In fact, whether the new album fails or succeeds, Phair insists she’ll win either way.

“A few years ago, I waged a campaign to get off the label,” Phair says. “If I only sold 100,000 records, I’d still make more money than if I sold 1 million on a major. Major labels give you a lot of flattery and perks, but you’re not an entrepreneur, and once you get in your 30s, that bothers you. It bothers me.”

Capitol, however, wasn’t ready to cut Phair loose. Her 1994 debut for the label, Exile in Guyville, sold 401,000 copies, according to Nielsen SoundScan; follow-up Whip-Smart moved 393,000; and 1998’s Whitechocolatespaceegg sold 269,000 copies.

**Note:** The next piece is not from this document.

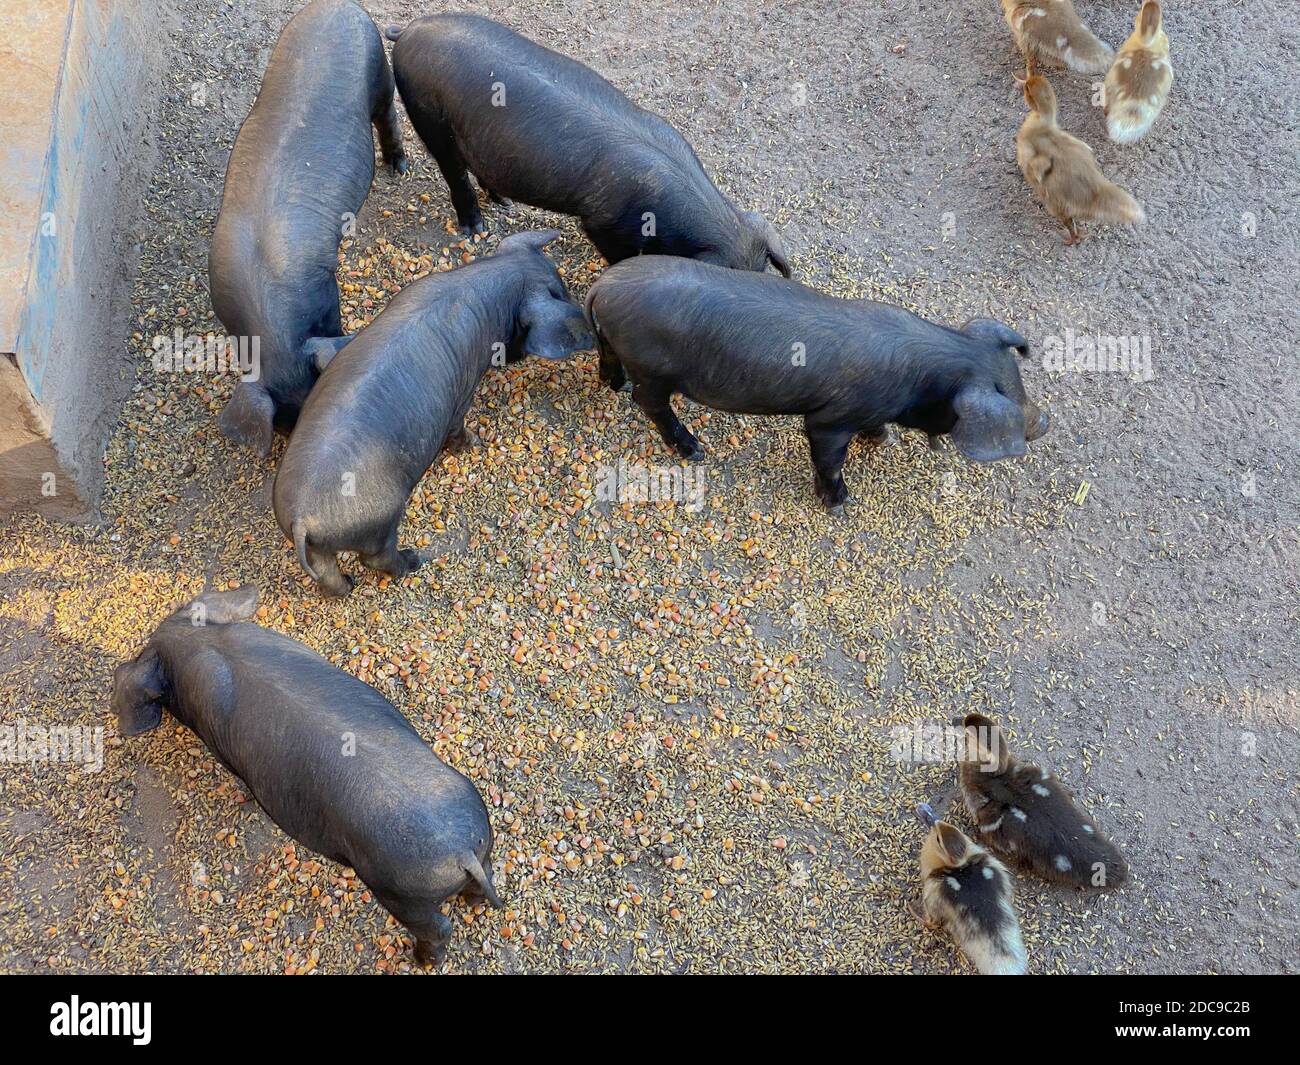 Black Iberian pigs in a farm in Mallorca (Porcella Negra Mallorquina) Stock Photo

Convinced that she could yet be made a pop star, for the new album the label introduced her to songwriting trio the Matrix, which co-wrote and co-produced much of Lavigne’s Arista debut “Let Go”.

The pairing resulted in four songs on Phair’s fourth effort. The album sees the singer/songwriter shying away from the oddball melodies and conversational lyrics that marked her earlier work. Instead, the new album shimmers with major-label gloss.

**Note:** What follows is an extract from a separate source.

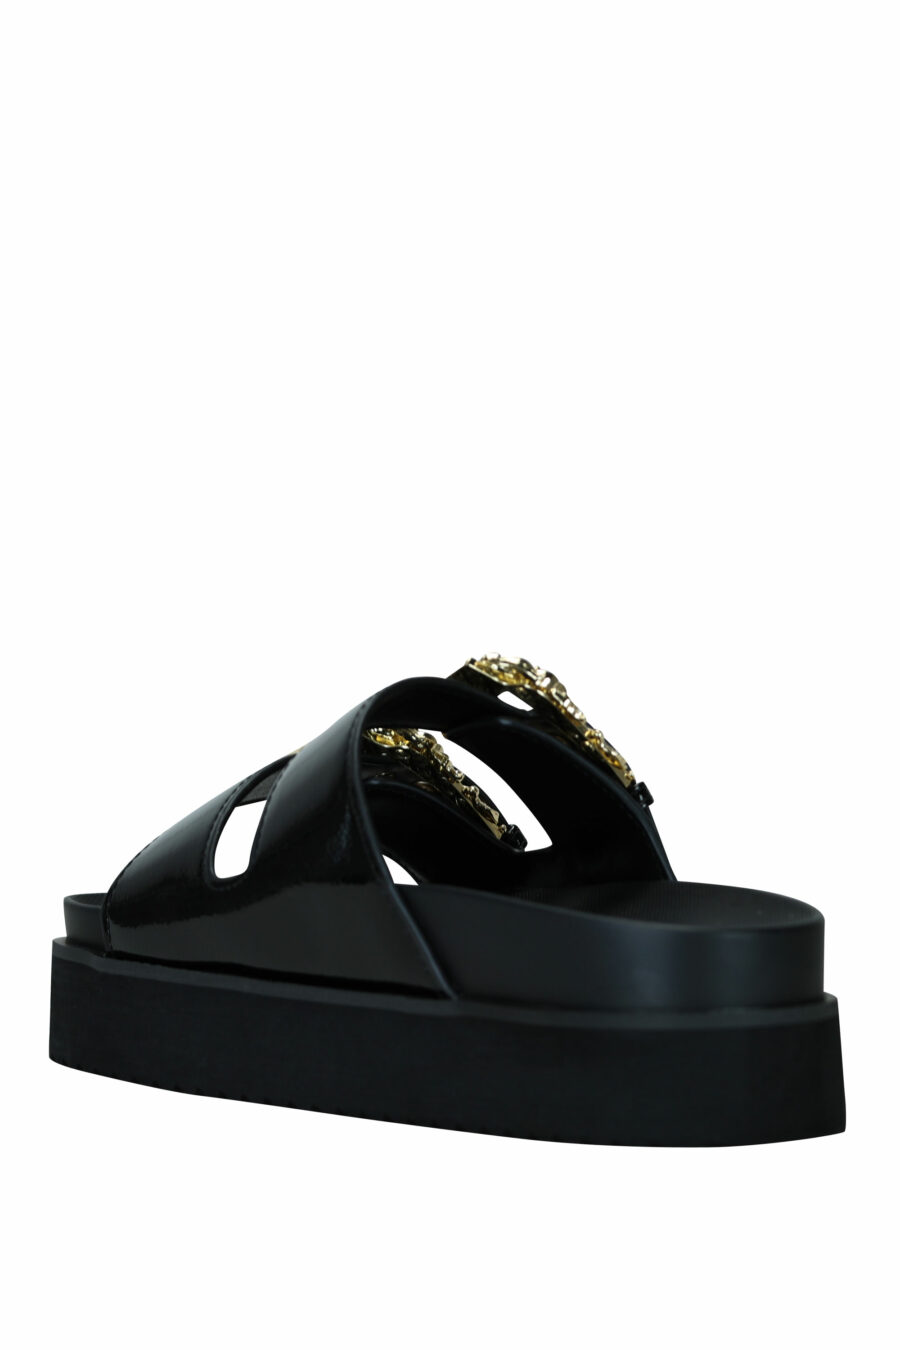 Sandales noires avec double boucle baroque dorée - 8052019607253 4

“At one point [then Capitol president] Roy Lott was like, ‘We want a verse-chorus-verse-chorus-bridge-double chorus.’ So I was like, ‘If that’s what you want, fine.’ I’m still writing all those quirky, weird songs. They just don’t reach people.”

Yet how can an artist who is frustrated with the major-label system be comfortable as part of it?

“I’m in a win-win situation,” Phair says. “If this record goes, I can do things on my own. But if this record doesn’t go, then Capitol will drop me because of the amount of money they’ve spent on it.”

While Phair is proud of her work with the Matrix, she knew that there would be compromises.

“The Matrix were told by Capitol that they would only get paid if they wrote hit-type songs,” Phair says. “Don’t kid yourself — that’s what I’m getting told, too. I knew if I wanted promotional dollars, I would have to turn in something to get on radio.”

It took some time for Phair to get used to her new restrictions, the Matrix’s Lauren Christy says. “For the first single [“Why Can’t I”], she was like, ‘I love this, but this is such a big chorus. Can I do that?’ We’re like, ‘Of course you can.’ The song might sound a little bit like Avril Lavigne, but what she’s saying is really edgy.”

Still, Phair anticipates a backlash from faithful fans. To placate those fans, Capitol will release a six-song, online-only EP, collecting some of the less mainstream fare that Phair recorded. Purchasers of her new album can download the songs with a special code.

Additionally, Capitol placed Phair on tour with the Flaming Lips, where she performed a brief acoustic set to introduce the new songs.

“By touring with the Flaming Lips, she’s really playing in front of her original audience,” says Sharon Lord, Capitol’s senior director of marketing. “It gets her back in the minds of everyone before her full tour,” which launched July 21 in San Francisco.

“If I’m going to be on a major label,” Phair surmises, “then I’m going to be the queen bee and have fun with it.”